> [Supplied records]
/---

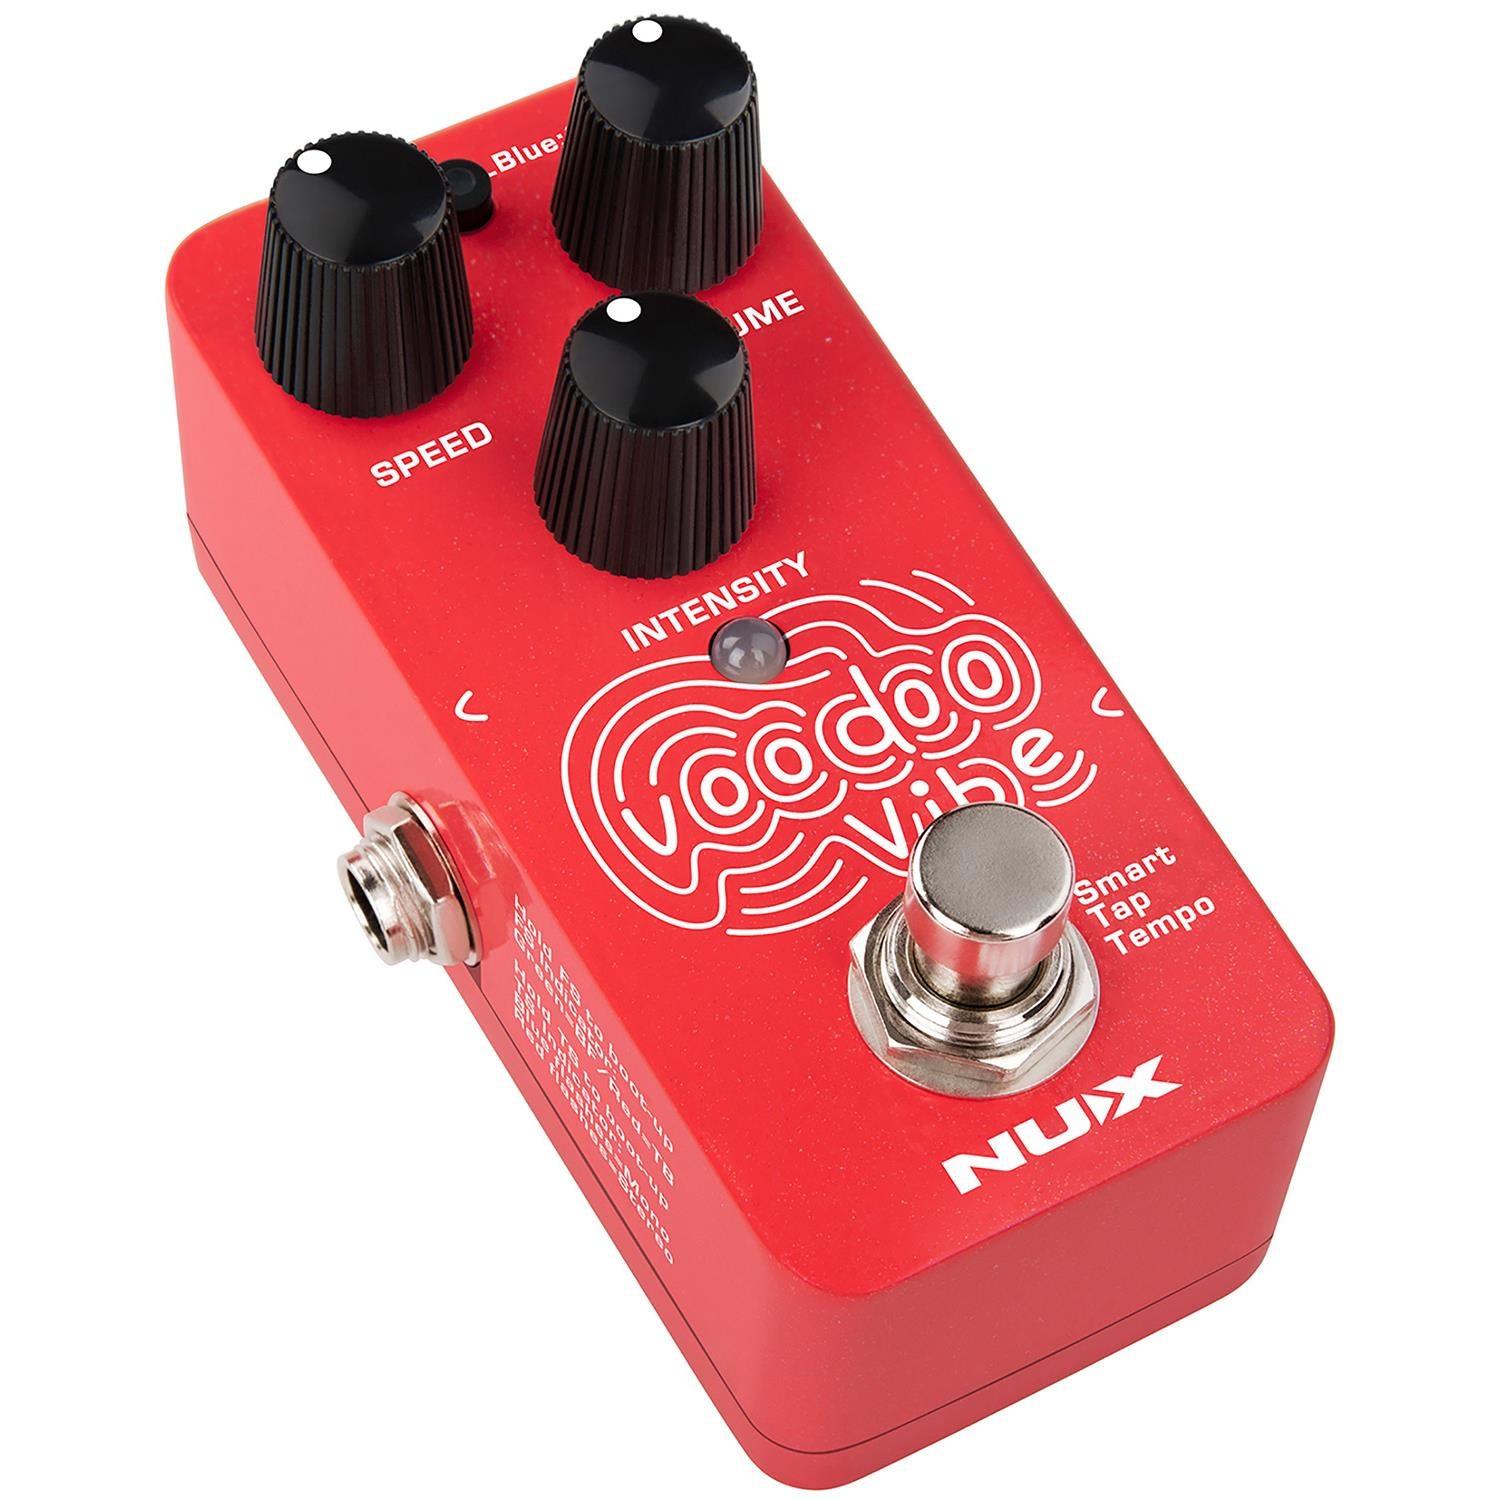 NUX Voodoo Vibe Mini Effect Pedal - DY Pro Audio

\---
/---

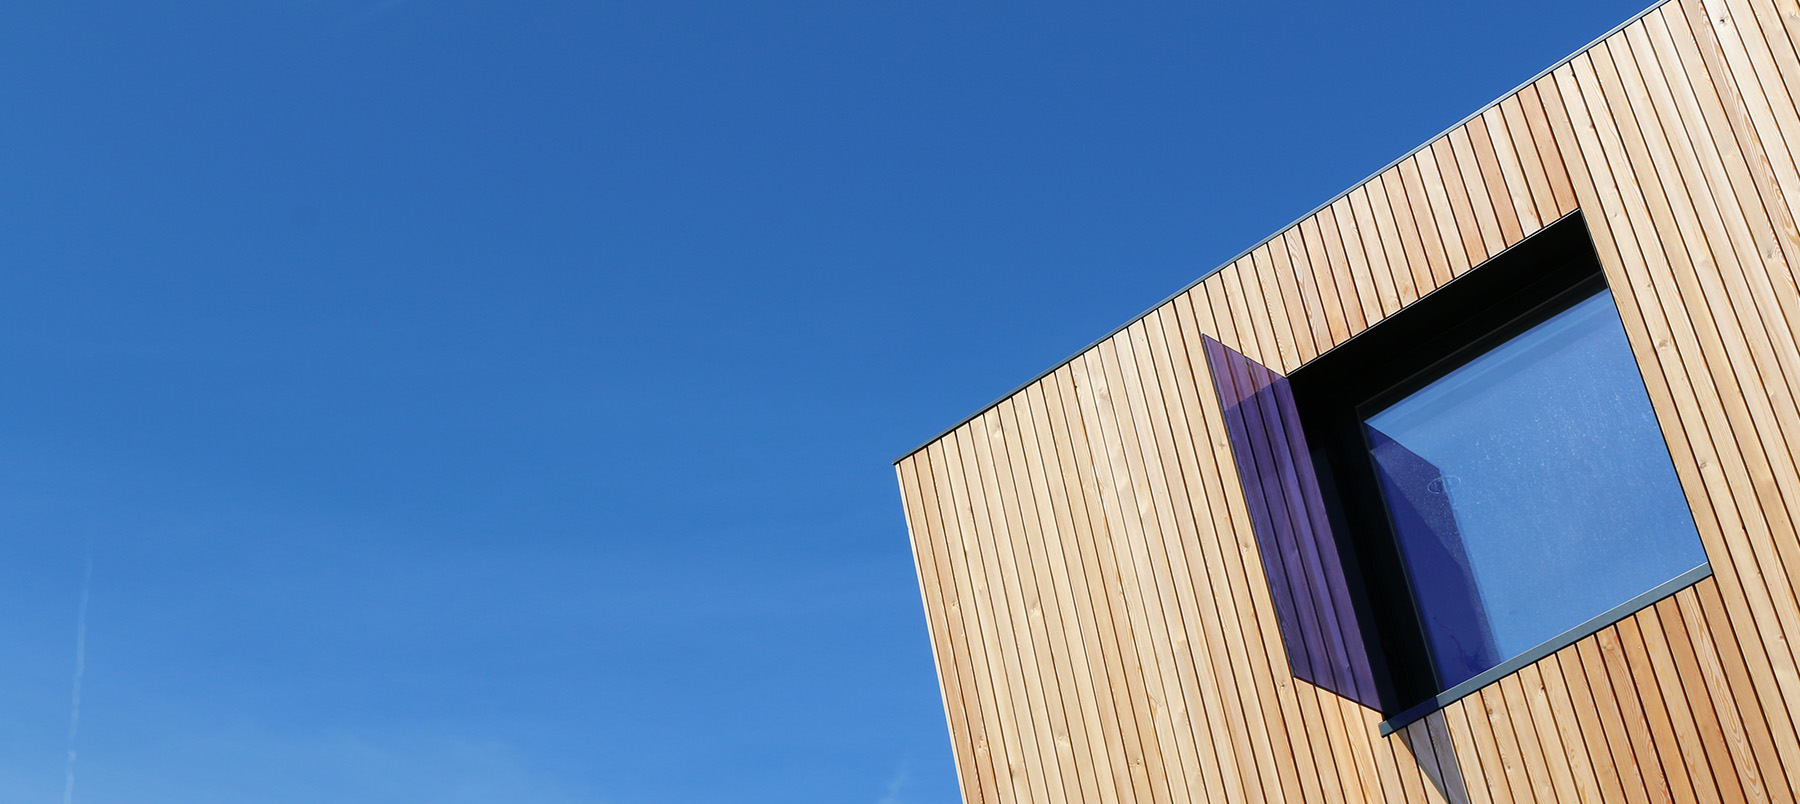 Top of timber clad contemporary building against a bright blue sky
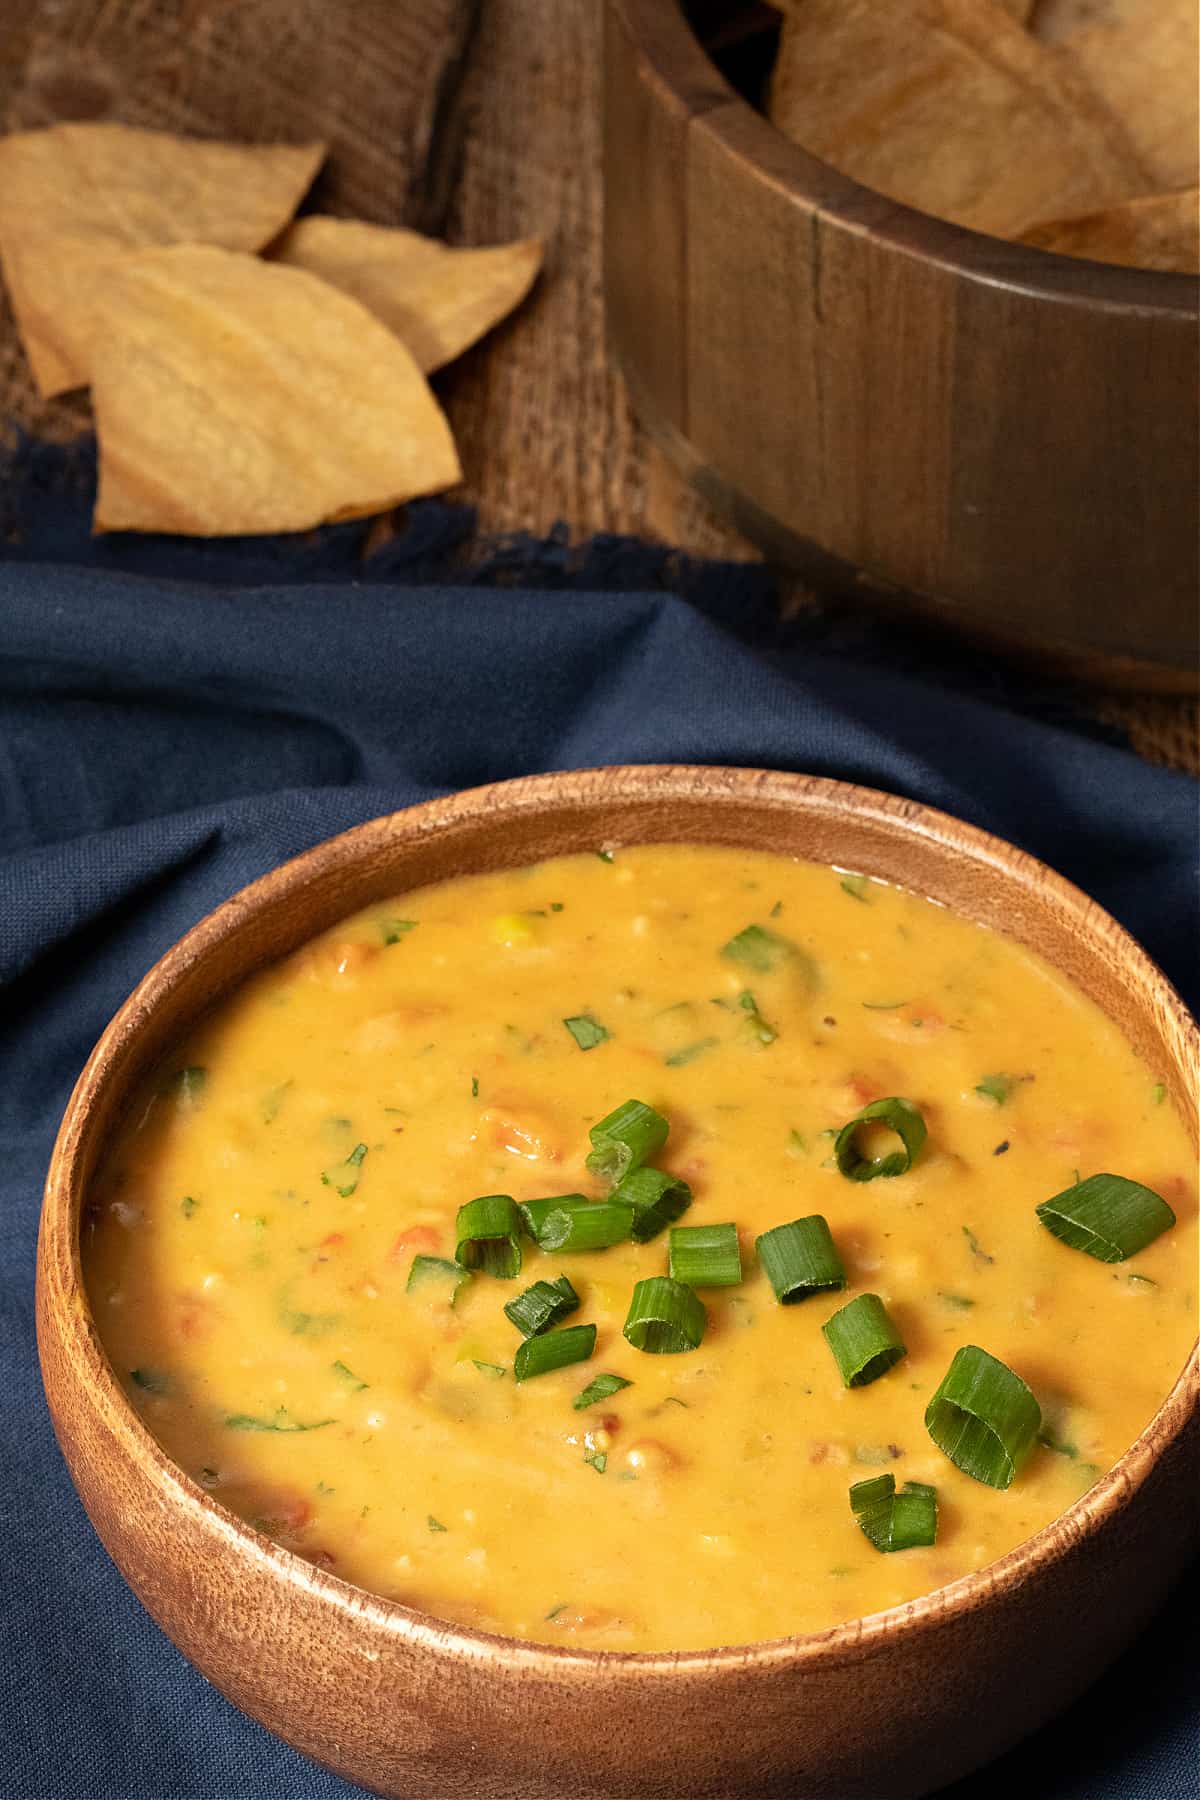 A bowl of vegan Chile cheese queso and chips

\---

> [Work task]
Output exactly the lines above, beginning at the one with "Top of timber" and stopping after the one with "A bowl of vegan Chile cheese queso and chips". Pictures are to be omitted.

> [Result of the exercise]
 Top of timber clad contemporary building against a bright blue sky
 A bowl of vegan Chile cheese queso and chips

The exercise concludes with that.